I try not to depend on my stomp pad , if I have so much weight there that I need a stomp pad, my back foot will probably want to swing around. How about rear entry binding , just kick your foot in as you leave the lift you'll have at least toe side.


----------



## edlo (Jan 24, 2011)

Oldman said:


> Welcome to the forum and feel good about being a part of the select group of us that started this great activity a little later in life. ( 49 for this guy ) Rest assured that you are not alone in this challenge. We all experienced the frustration / embarrassment of the dreaded chair lift offload.
> 
> Getting your feet comfortable is key. Looking ahead and not down, vital, but when doing so, keep your board straight from the moment you stand up and (this is critical to success) *keep your shoulders in line with your board*. Any little bit of shoulder twist is going to mess you up.

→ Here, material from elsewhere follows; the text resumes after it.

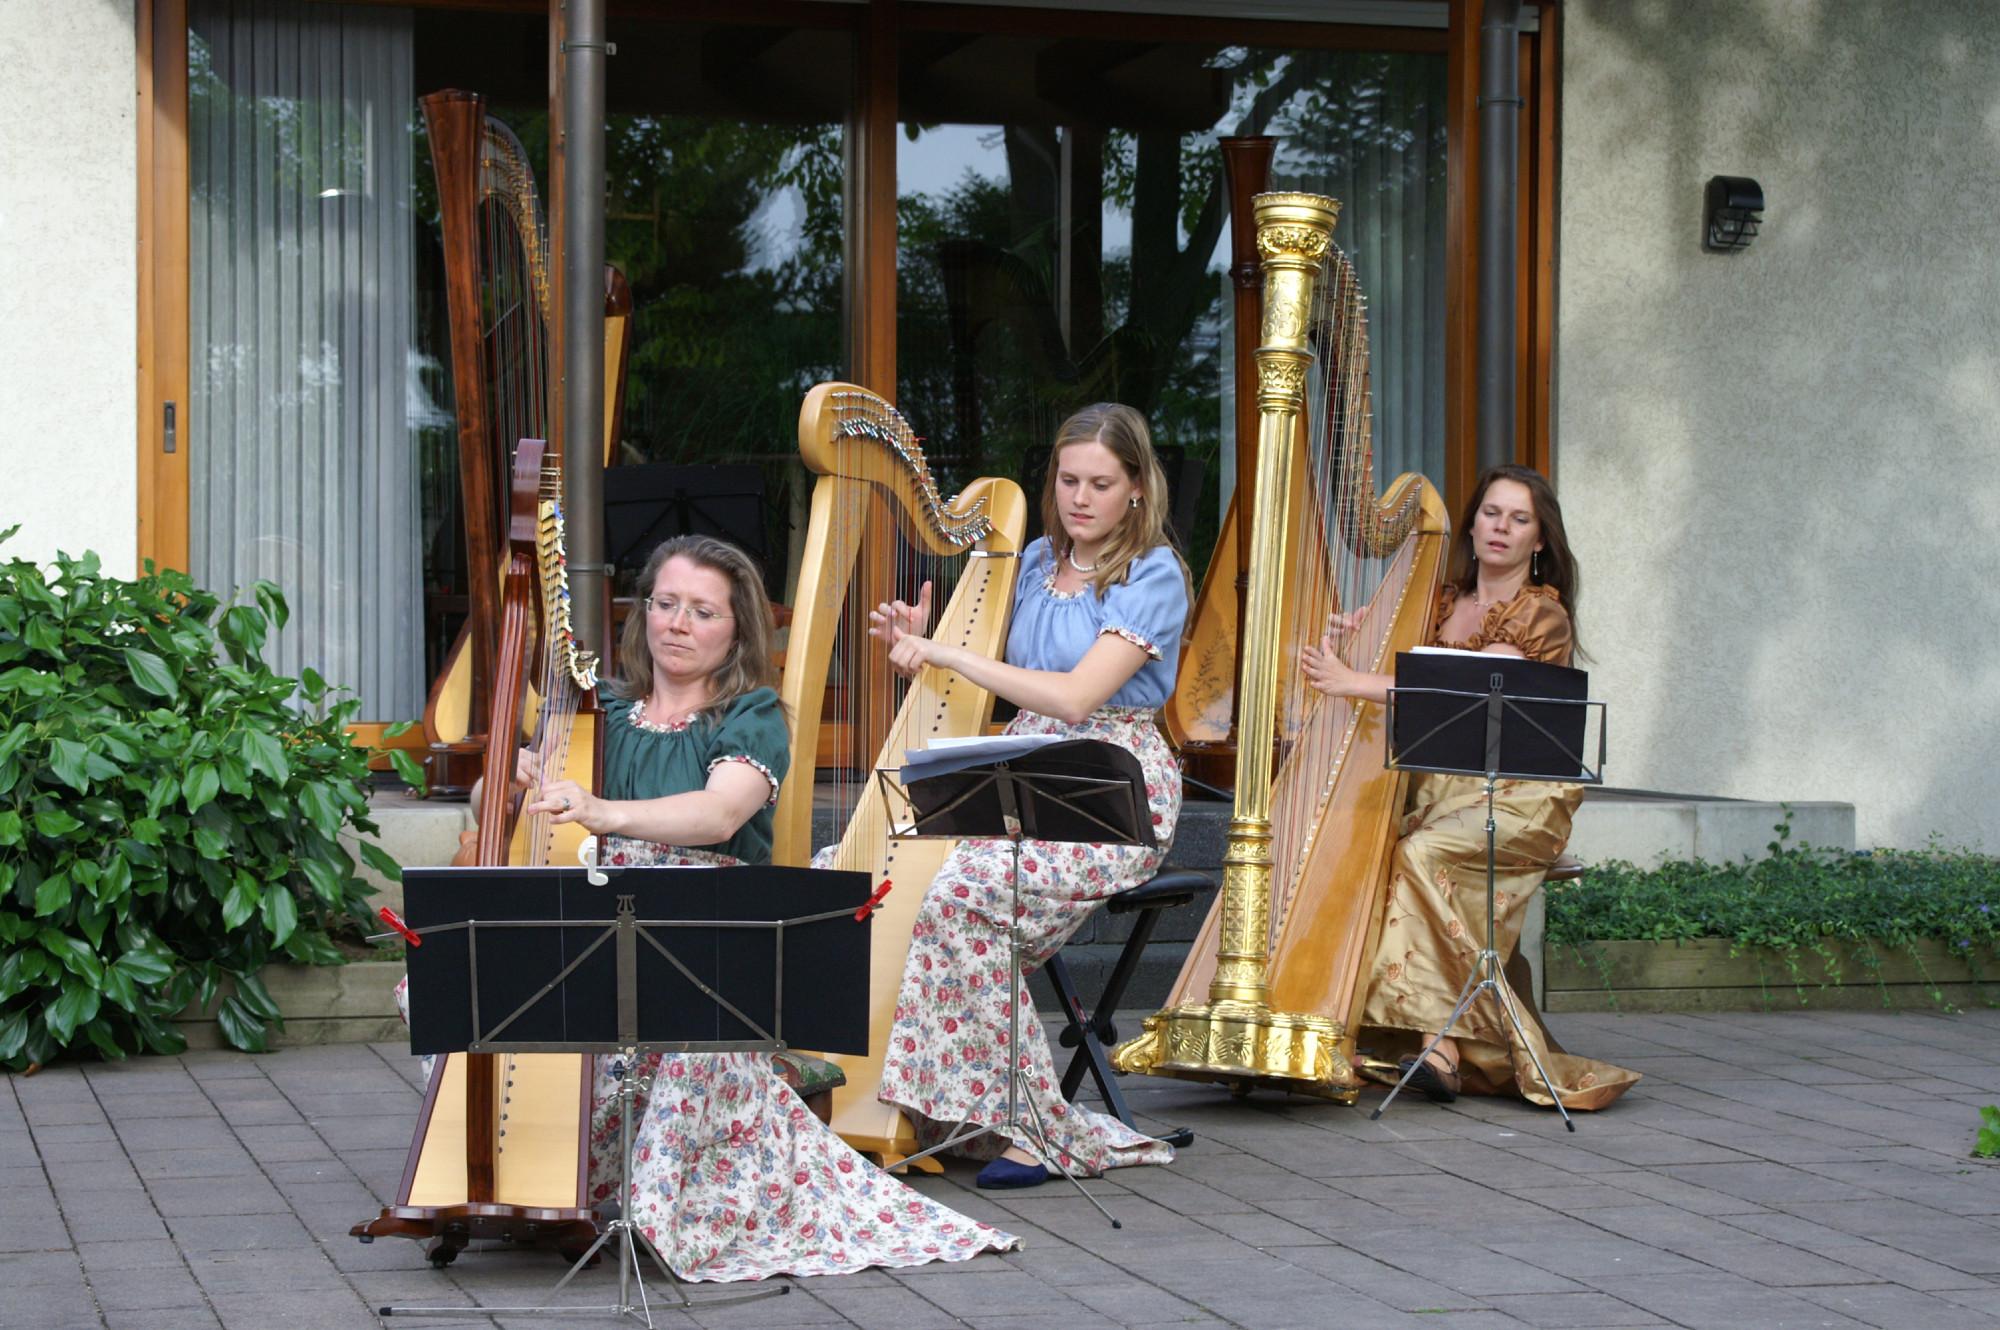 irische Musik- keltisches Harfentrio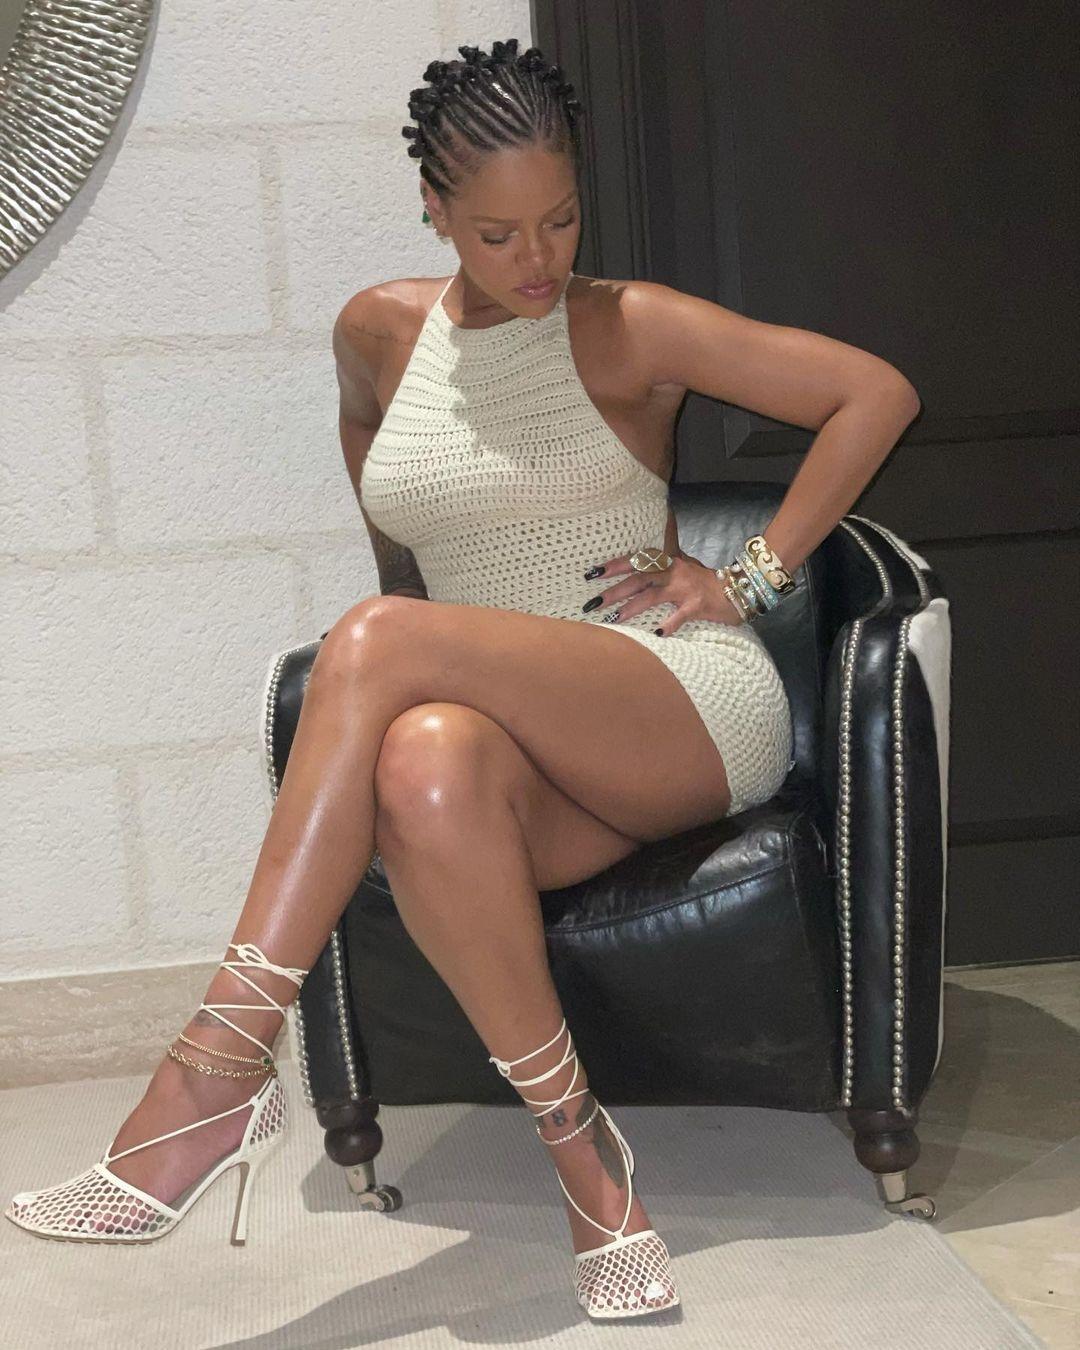 Образ дня: Рианна показала самое модное платье этого лета (ФОТО) - фото №1

Why don't you tell him your true secret of cinching on the chair lift


----------



## KrisBKreeme (Dec 31, 2012)

just dropped in to say all of these "i started snowboarding in my 50's" posts are making me glad I still have ~30 years left of riding if I keep my health up. :laugh:


----------



## jdang307 (Feb 6, 2011)

freetheanimals said:


> I have my back foot on the stomp pad. When I'm going down a gentle slope with just my front foot in the bindings I feel like I have no control over the board. Often, I fall and that causes me real concern because the fall tends to twist my front ankle and/or knee. I want to practice skating with my back foot on the stomp pad but I'm so afraid of wrecking my ankle or knee when I fall.

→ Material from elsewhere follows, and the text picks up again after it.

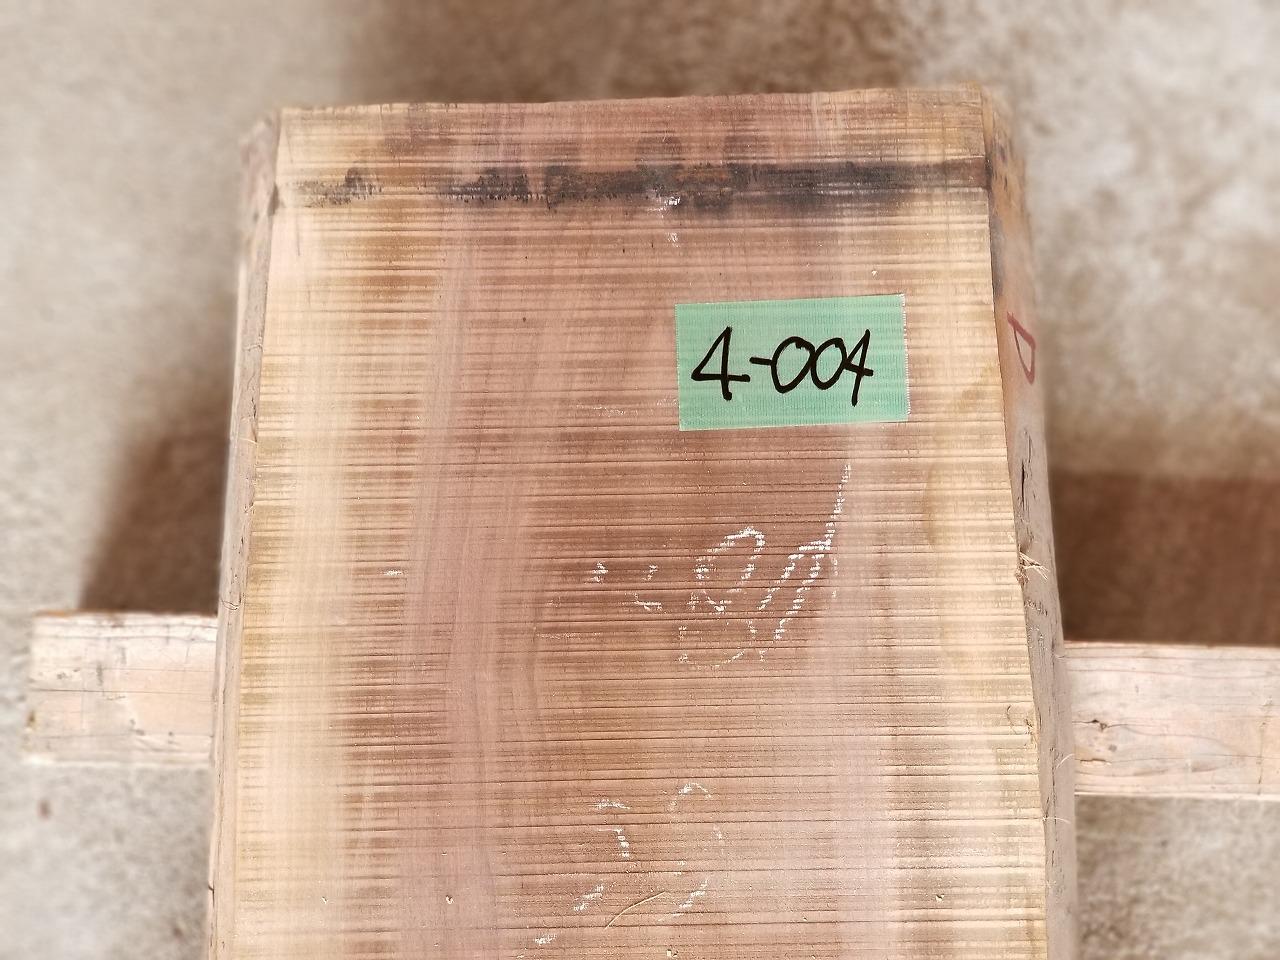 4-004 ウォールナット 一枚板 戸山家具製作所 (海老名市)

That's because you are probably steering with your back foot still. Once you start steering with the front foot (start right now!) it is easier and you won't even need a stomp pad.

Just ride the board straight down (no edging) and the slightly press your toes or heel on your front foot. Trust me. It works.


----------



## freetheanimals (Jan 31, 2013)

KrisBKreeme said:


> just dropped in to say all of these "i started snowboarding in my 50's" posts are making me glad I still have ~30 years left of riding if I keep my health up. :laugh:


Better late than never! I started rock climbing in my late 30s. Every decade I add another extreme sport to my activities. When I'm 60 I'm trying surfing! 

Again, all thanks for the help. I continue to practice with one foot in the bindings. Had a bad fall off the lift the other day because a bunch of people who had just gotten off the lift just stood in the offload area. Because I can't steer that well, yet, with one leg in I tried to move away from the crowd. That resulted in my board spinning and catching an edge. Took a bad fall and sure enough twisted my knee a bit. Fortunately, nothing too serious. Just sore.


----------



## edlo (Jan 24, 2011)

freetheanimals said:


> Better late than never! I started rock climbing in my late 30s. Every decade I add another extreme sport to my activities. When I'm 60 I'm trying surfing!
> 
> Again, all thanks for the help. I continue to practice with one foot in the bindings. Had a bad fall off the lift the other day because a bunch of people who had just gotten off the lift just stood in the offload area. Because I can't steer that well, yet, with one leg in I tried to move away from the crowd. That resulted in my board spinning and catching an edge. Took a bad fall and sure enough twisted my knee a bit. Fortunately, nothing too serious. Just sore.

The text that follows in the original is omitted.